WORKING DATA
§ §
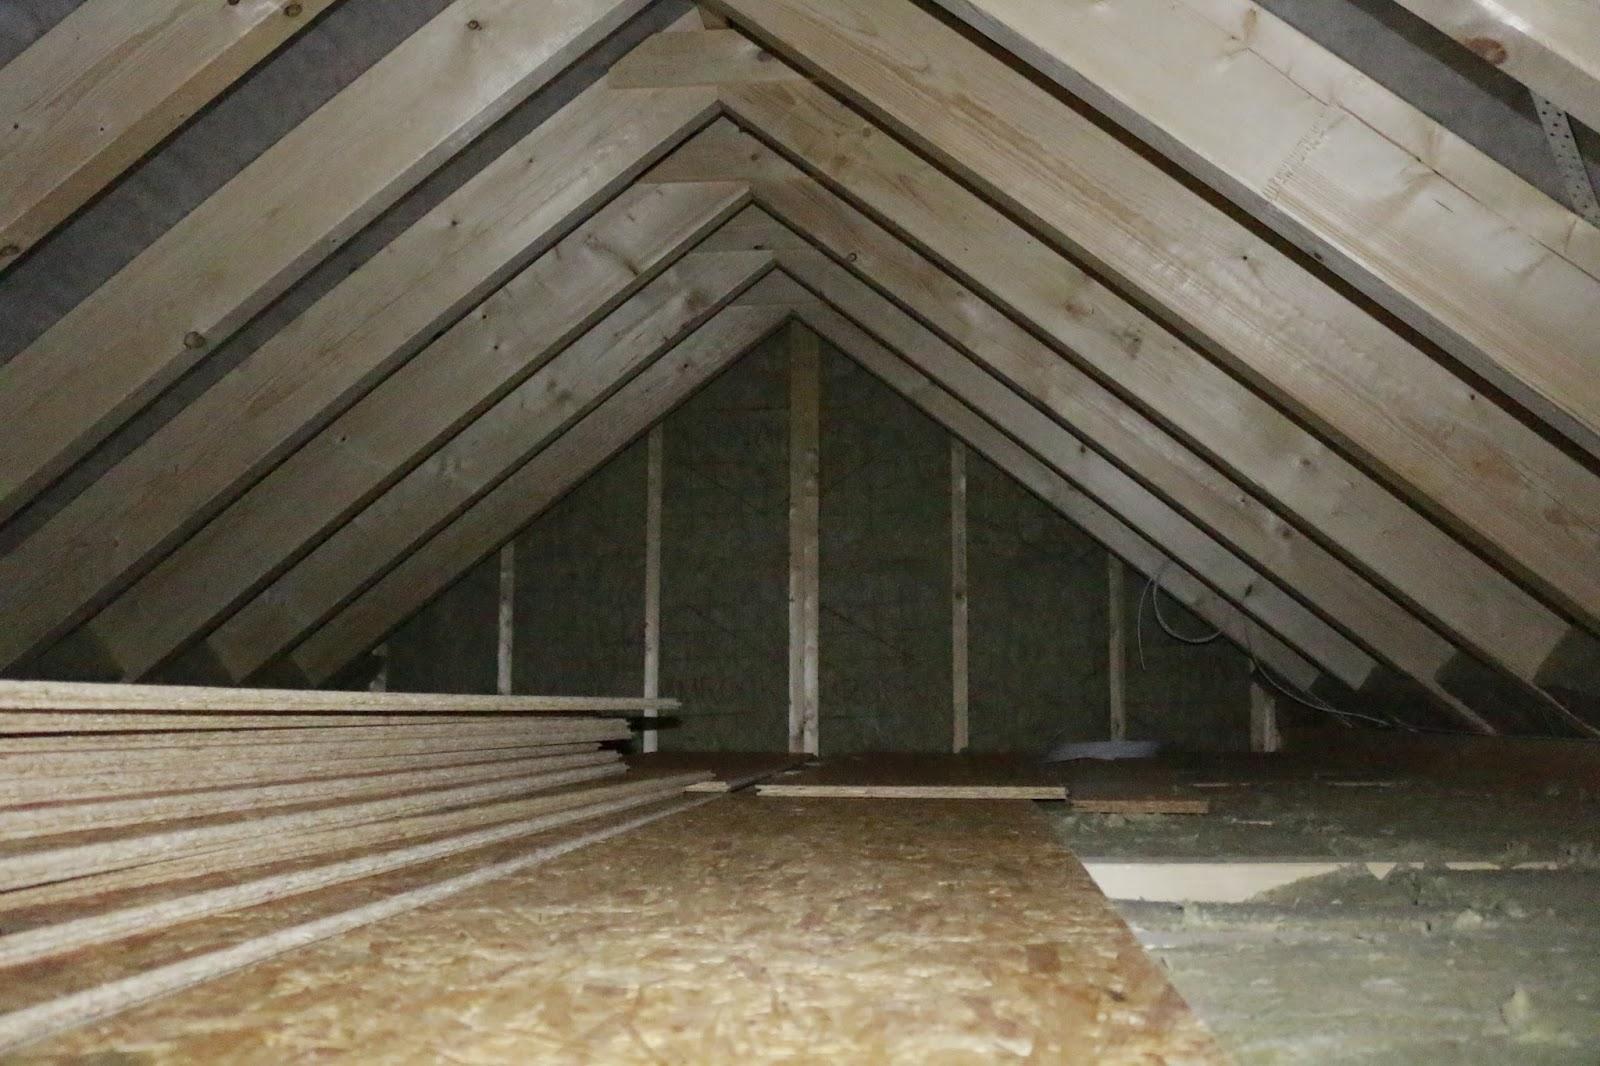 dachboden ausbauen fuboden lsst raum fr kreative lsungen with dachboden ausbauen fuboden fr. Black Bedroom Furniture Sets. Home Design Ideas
§ §
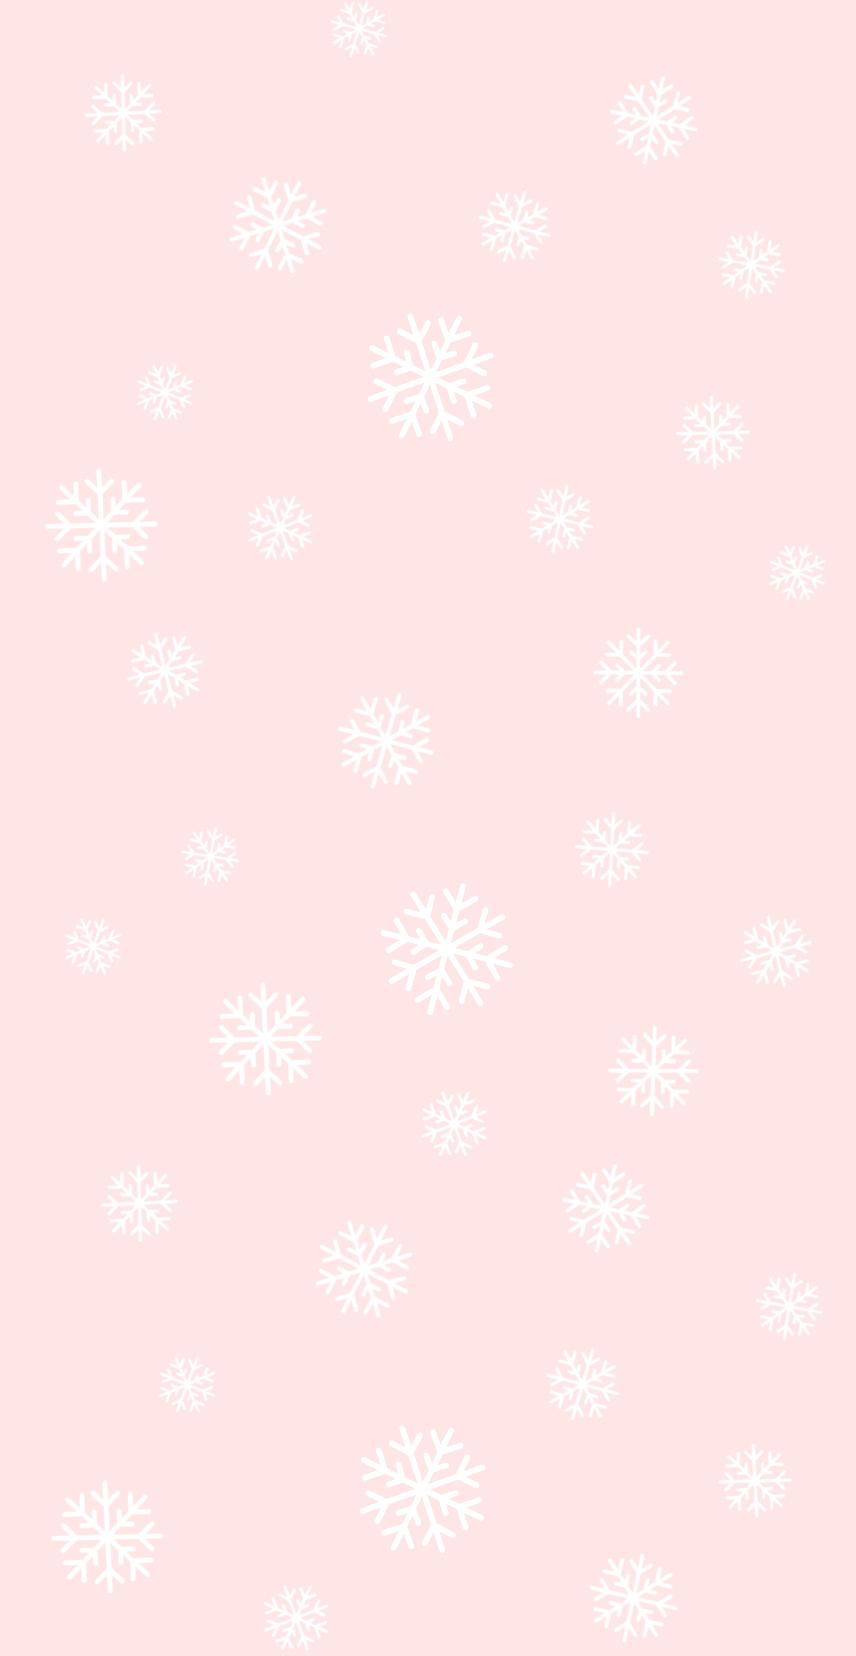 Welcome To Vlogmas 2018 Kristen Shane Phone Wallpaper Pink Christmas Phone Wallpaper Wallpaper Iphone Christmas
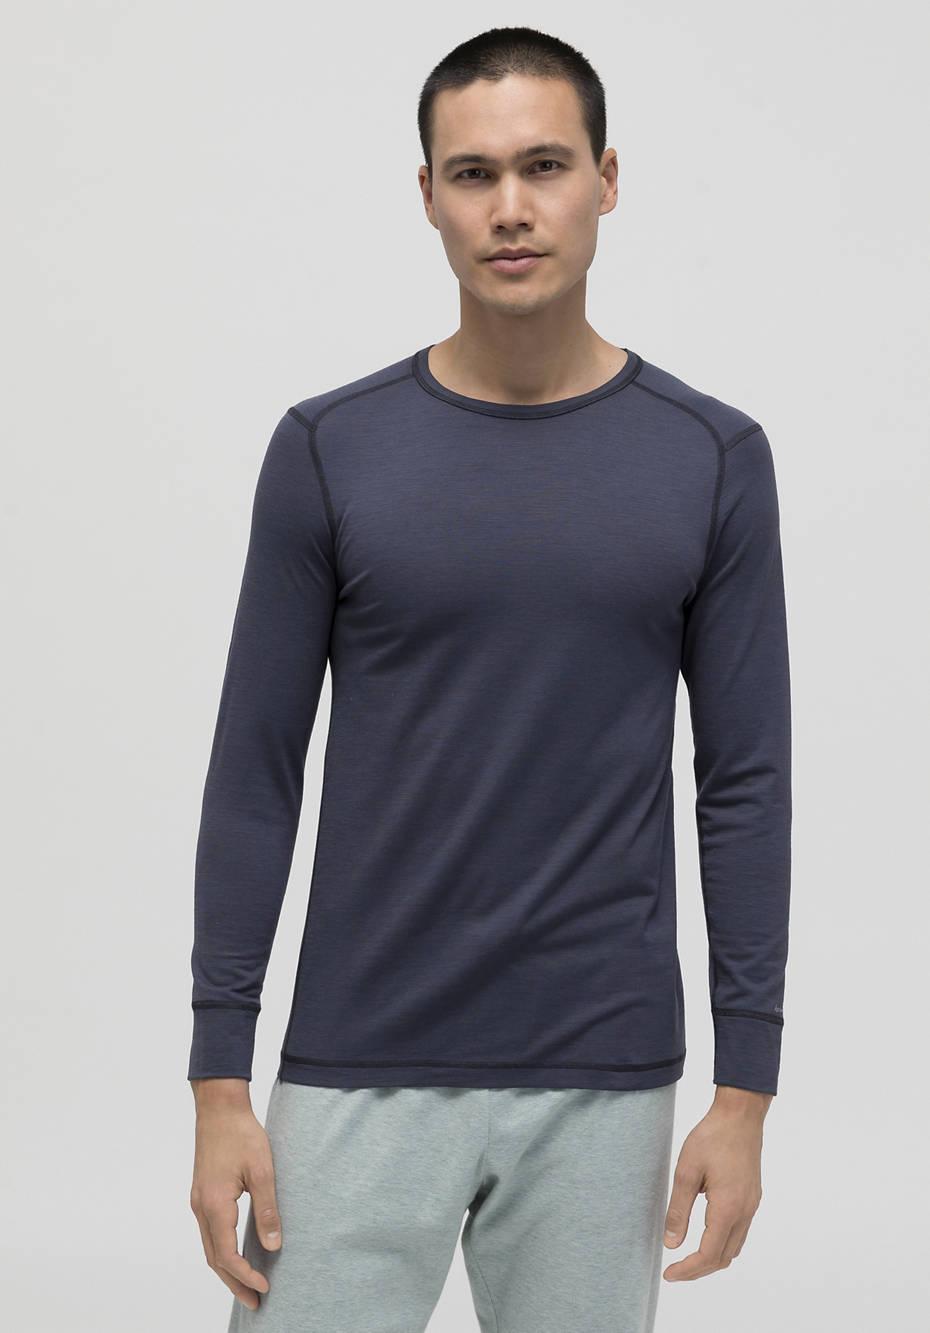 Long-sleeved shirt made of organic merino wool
§ §
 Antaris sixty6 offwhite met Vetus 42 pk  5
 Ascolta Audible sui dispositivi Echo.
§ §
ABOUT THIS TASK
Look above for the line holding "Antaris sixty6 offwhite", then set down exactly that line and every line after it up to and including the line holding "Ascolta Audible sui dispositivi Echo.", with nothing else.

TASK SOLUTION
 Antaris sixty6 offwhite met Vetus 42 pk  5
 Ascolta Audible sui dispositivi Echo.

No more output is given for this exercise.